On parle de conformité réticente, lorsque les pays se conforment aux expulsions, mais seulement à contrecœur. Par exemple, les accords informels de retour signalent la conformité aux partenaires internationaux, mais attirent moins l'attention des organes de contrôle parlementaires ou du grand public. Cette stratégie peut toutefois se retourner contre les autorités et susciter la méfiance et l'indignation des citoyens.

La non-conformité réactive consiste à signaler des problèmes techniques et à retarder les opérations de retour. Les États peuvent ne pas déterminer si les migrants sont leurs citoyens ou ne pas délivrer les documents de voyage des migrants en attente d'expulsion. Cette stratégie peut s'avérer moins coûteuse que le refus pur et simple des expulsions, tout en renforçant l'approbation nationale.

La non-conformité proactive est la réponse la plus extrême. Il s'agit d'un refus plus direct de la part des États de coopérer aux retours. Il s'agit, par exemple, de bloquer les négociations en vue d'un accord de retour formel. Le Sénégal et le Nigeria ont emprunté cette voie. La Gambie a même mis en place un moratoire sur tous les vols d'expulsion (affrétés) pendant quelques mois.

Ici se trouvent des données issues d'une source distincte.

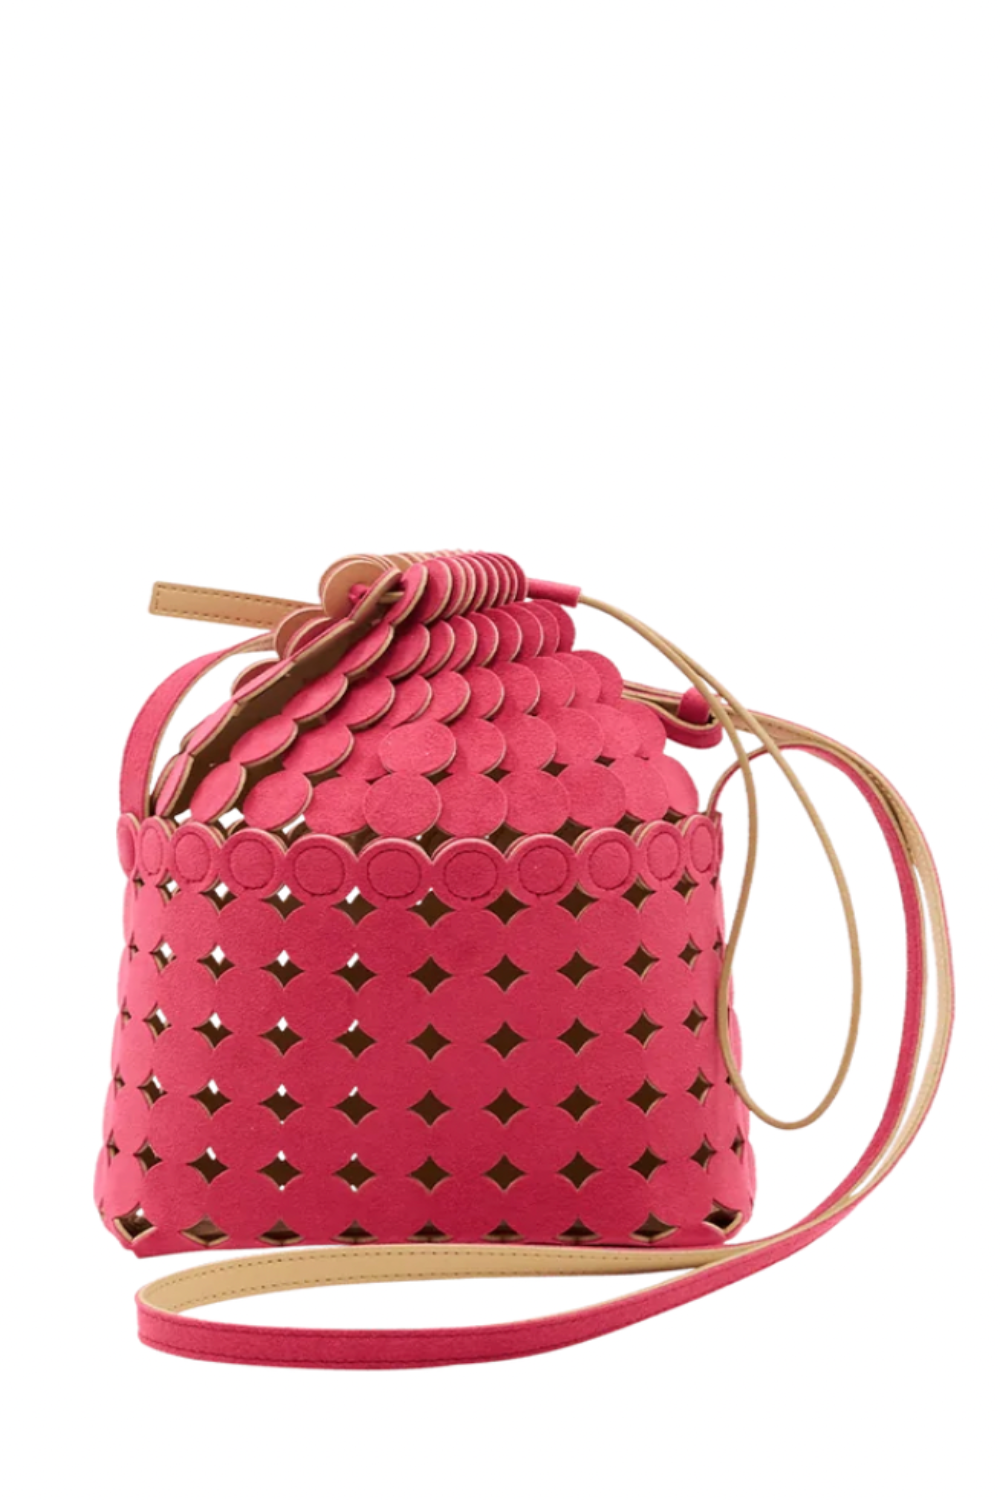 Mary Al Terna - Moon Shoulder Bag: Pink
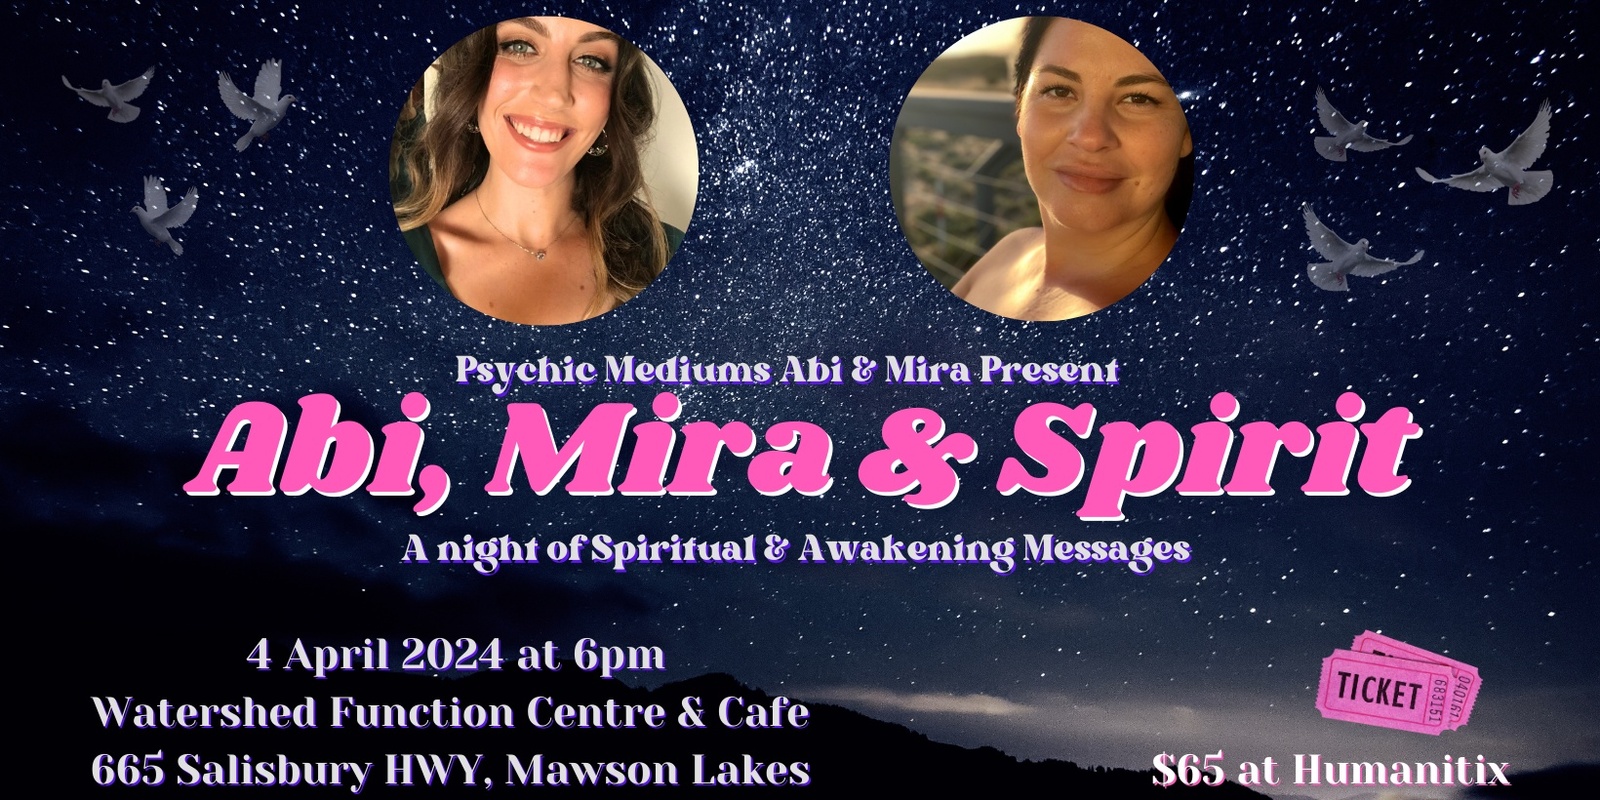 Banner image for Abi, Mira & Spirit - A night of Spiritual & Awakening Messages

La non-conformité proactive offre aux gouvernements le plus grand potentiel d'amélioration de leur légitimité nationale, en particulier pendant les élections. Mais elle peut se faire au détriment du soutien international. Dans le cas de la Gambie, par exemple, l'UE a imposé des sanctions en matière de visas.

La voie à suivre

Les parties prenantes de l'UE pourraient oeuvrer davantage pour prendre en compte les intérêts des pays africains lorsqu'il s'agit d'accepter des rapatriés.

Augmenter la pression ne fera qu'accroître la résistance. L'UE devrait plutôt se concentrer sur la réparation des relations. L'un des moyens serait de proposer des voies d'immigration accessibles, visibles et crédibles. Lier cela aux pressions exercées sur les retours est peu probable, et n'améliorera pas les relations à long terme.